Sounds simple, but under the hood the server is doing a ton of work: reading every table, joining data, filtering... And what if the tables are huge? Makes sense that performance will take a hit.

Battle: Normalization vs. Speed

Luckily (or maybe not?), in real life databases are all about compromise. Full normalization keeps your data consistent, but slows down complex queries. If your database is used for analytics and reports, sometimes it’s better to denormalize it. It’s like swapping 10 tiny boxes for one big chest: grabbing data is faster, but sorting it all out again gets trickier.

When should you "chill out" with normalization?

There are scenarios where denormalization is the way to go:

Frequently used aggregates

For example, imagine your system runs queries every day to count how many students are in each course. In a normalized structure, you’d have to run JOIN and COUNT() all the time.

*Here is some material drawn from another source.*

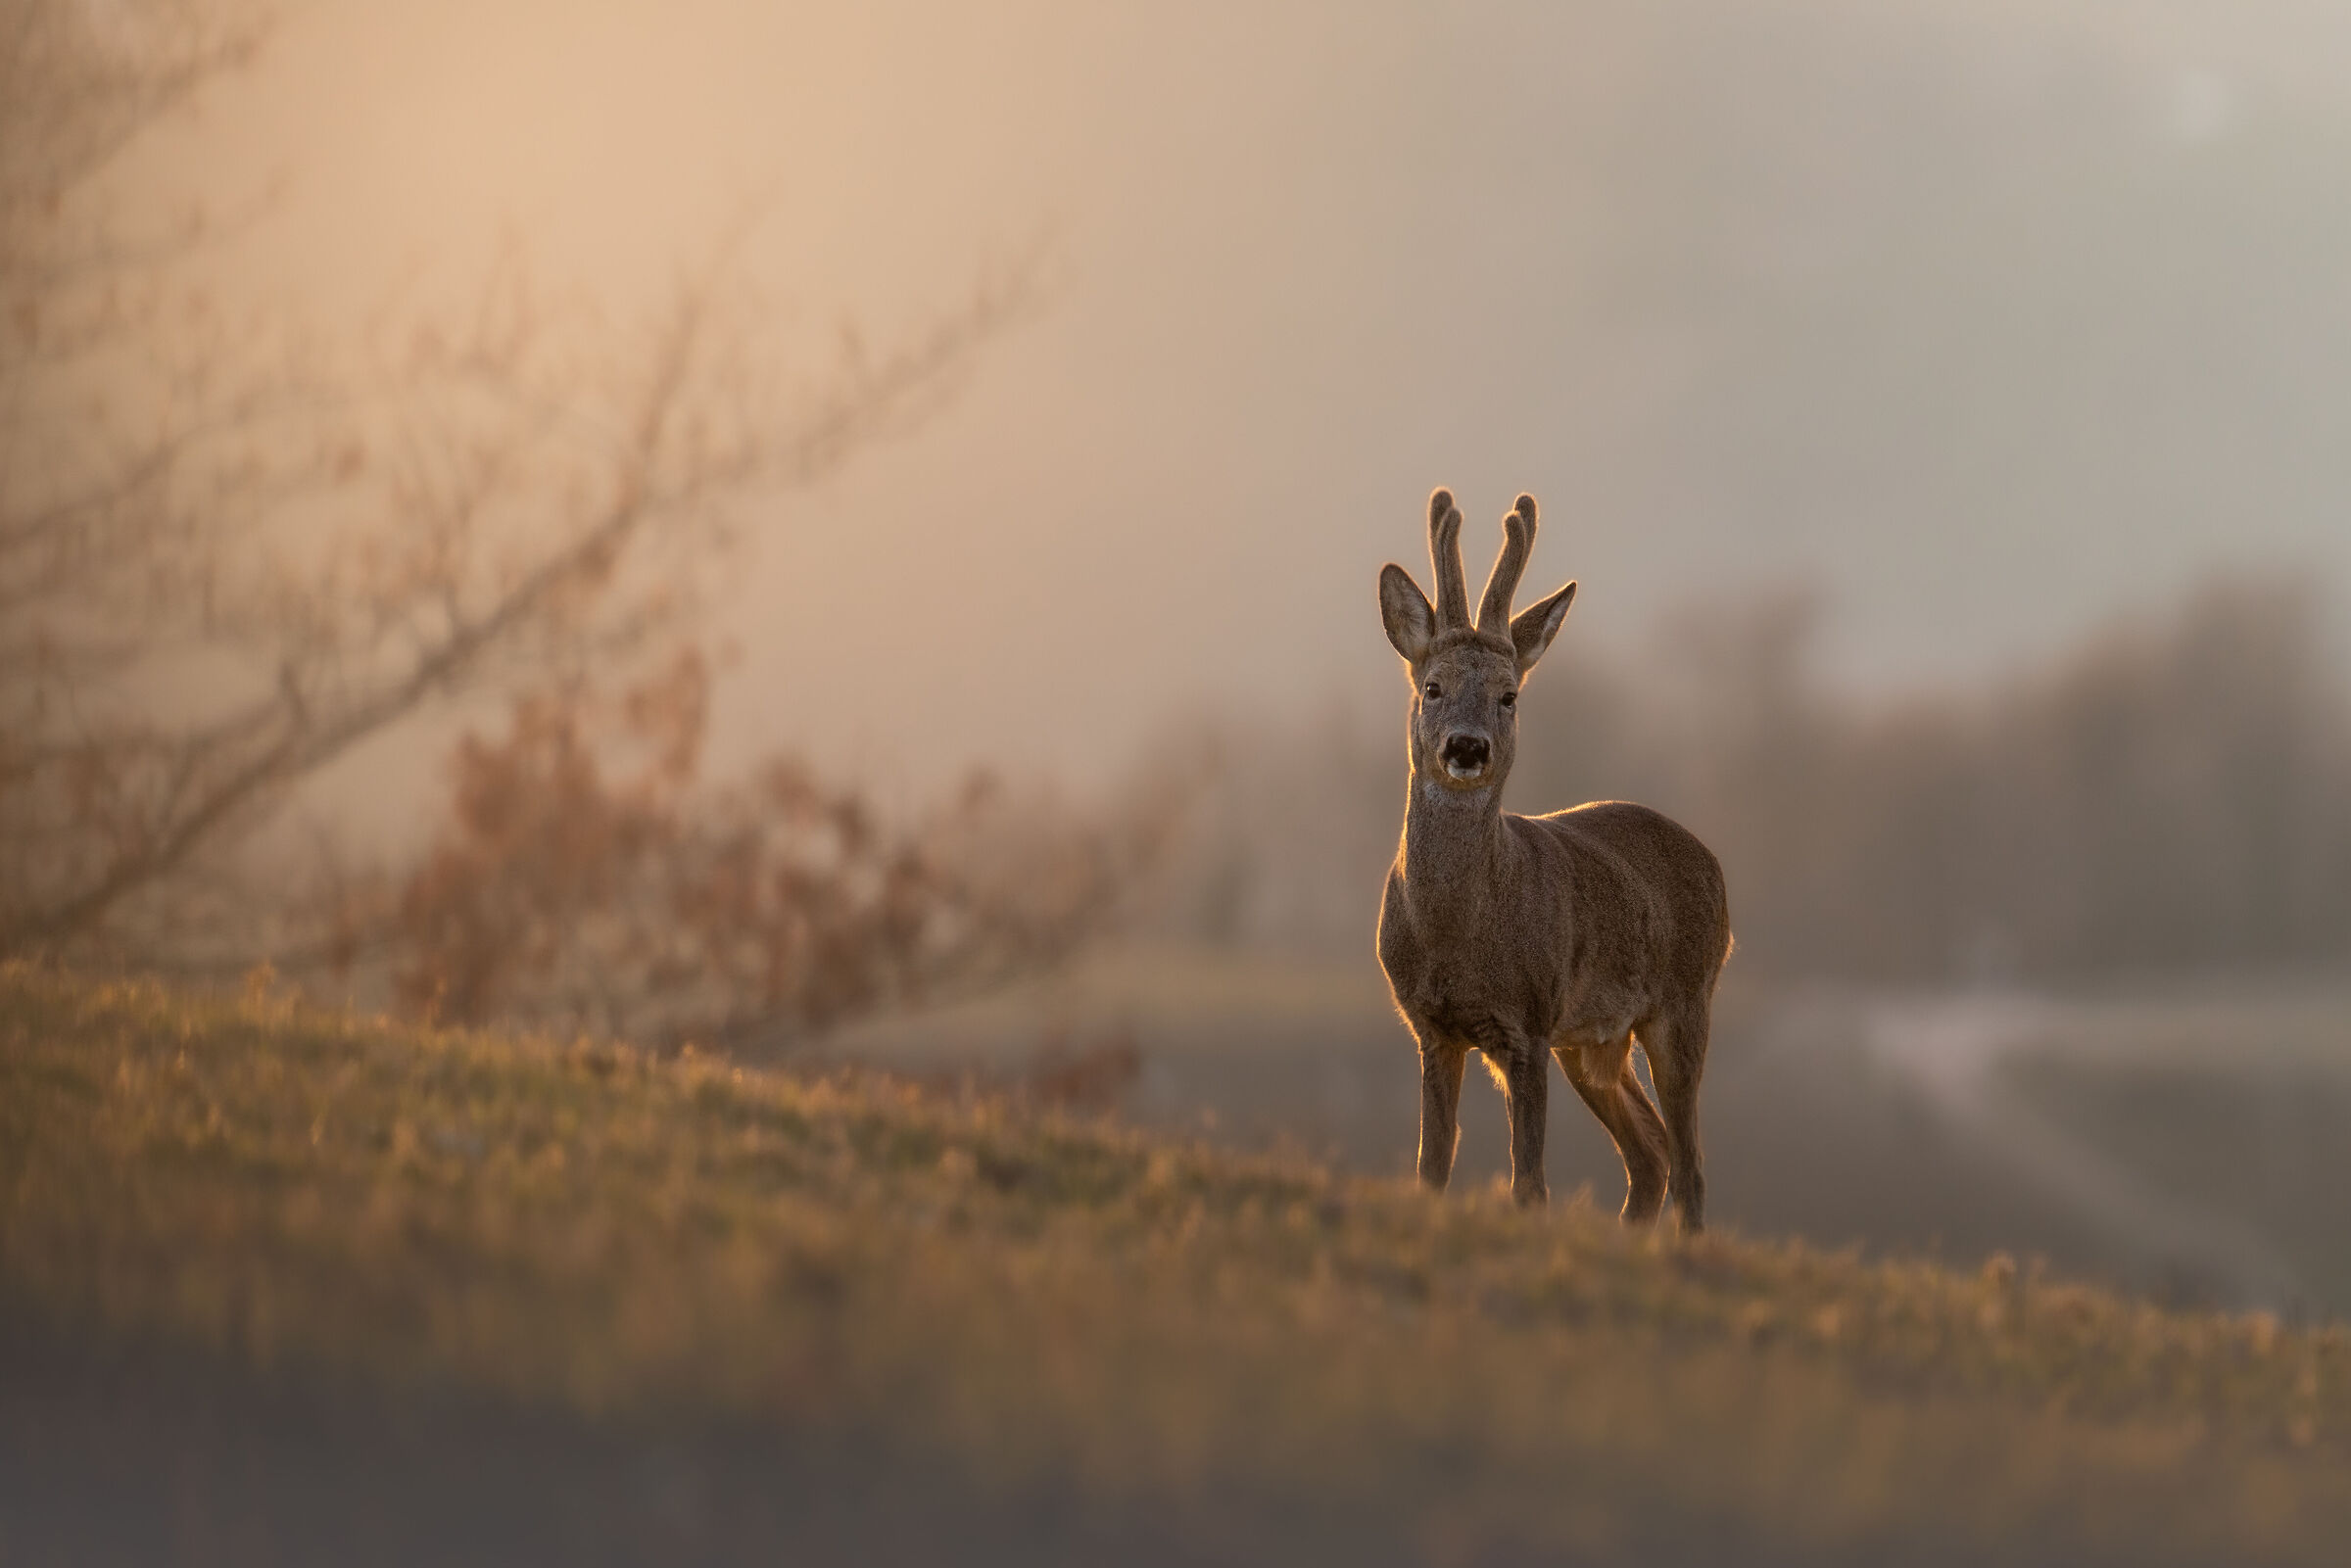 The golden roe deer...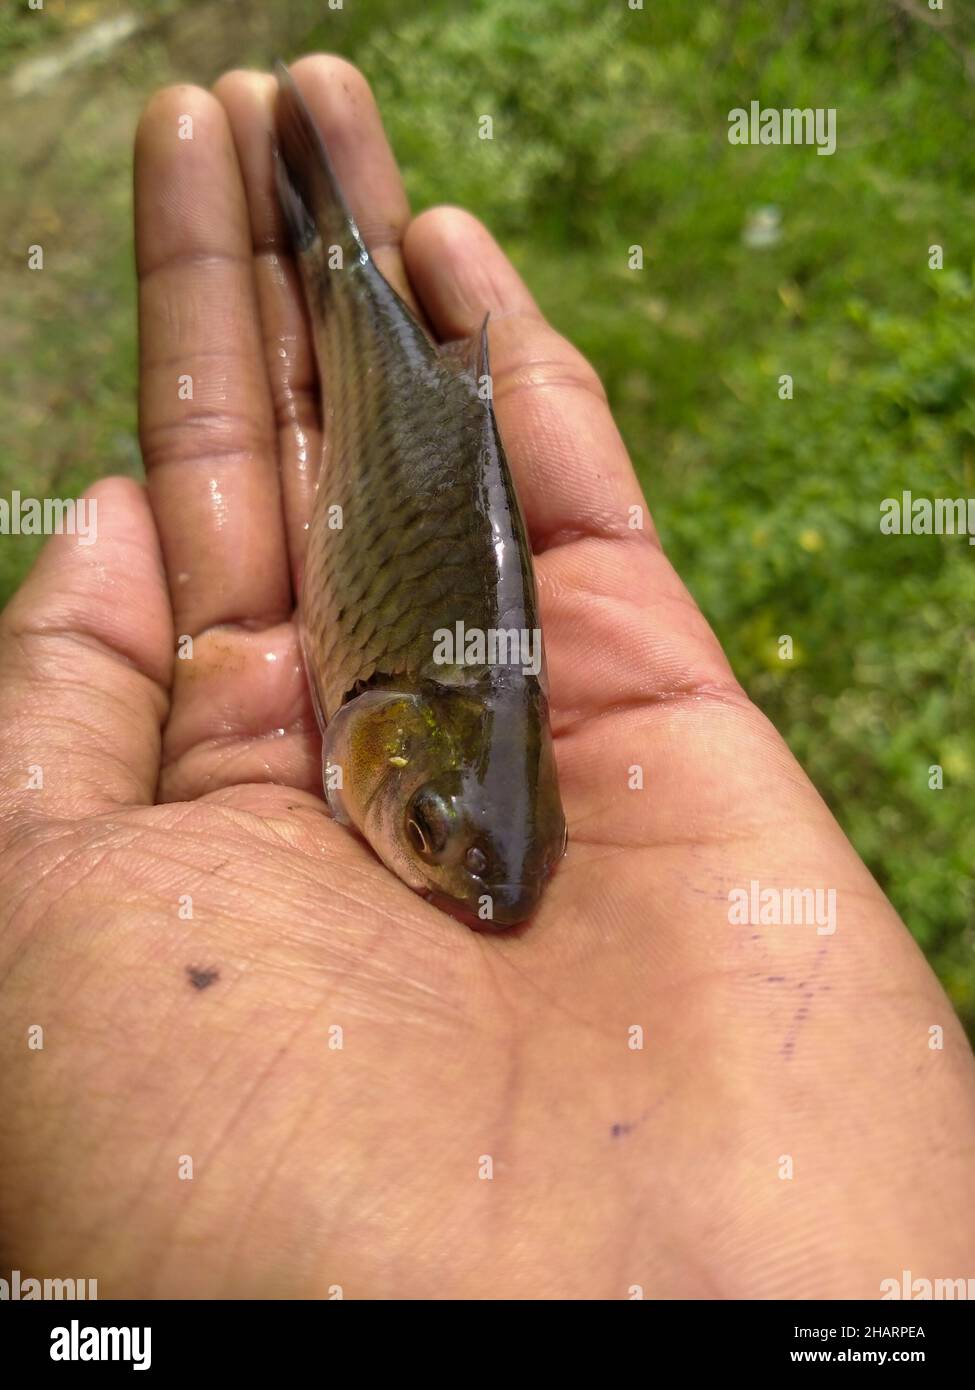 Vertikale Aufnahme einer Hand, die einen lebendigen Fisch hält Stockfoto

Instead, you could add a student_count column to the "Courses" table, updating it automatically when records are added or deleted.

-- Denormalized column
UPDATE courses
SET student_count = (
    SELECT COUNT(*)
    FROM enrollments
    WHERE enrollments.course_id = courses.id
);

Frequently run reports

If your client wants a daily report like "Who bought what, where, and when?", it’s easier to keep a denormalized table with ready-made rows like "Client name, product, date". The main table will be bigger, but you’ll get data way faster.

Lots of reads, few writes

If your database is mostly for reading (like analytics), it’s worth sacrificing normalization for speed.

Minimizing joins in complex relationships

If your tables have deep (nested) relationships and JOINs become a nightmare, drop some normalization layers.

Example: How does denormalization speed things up?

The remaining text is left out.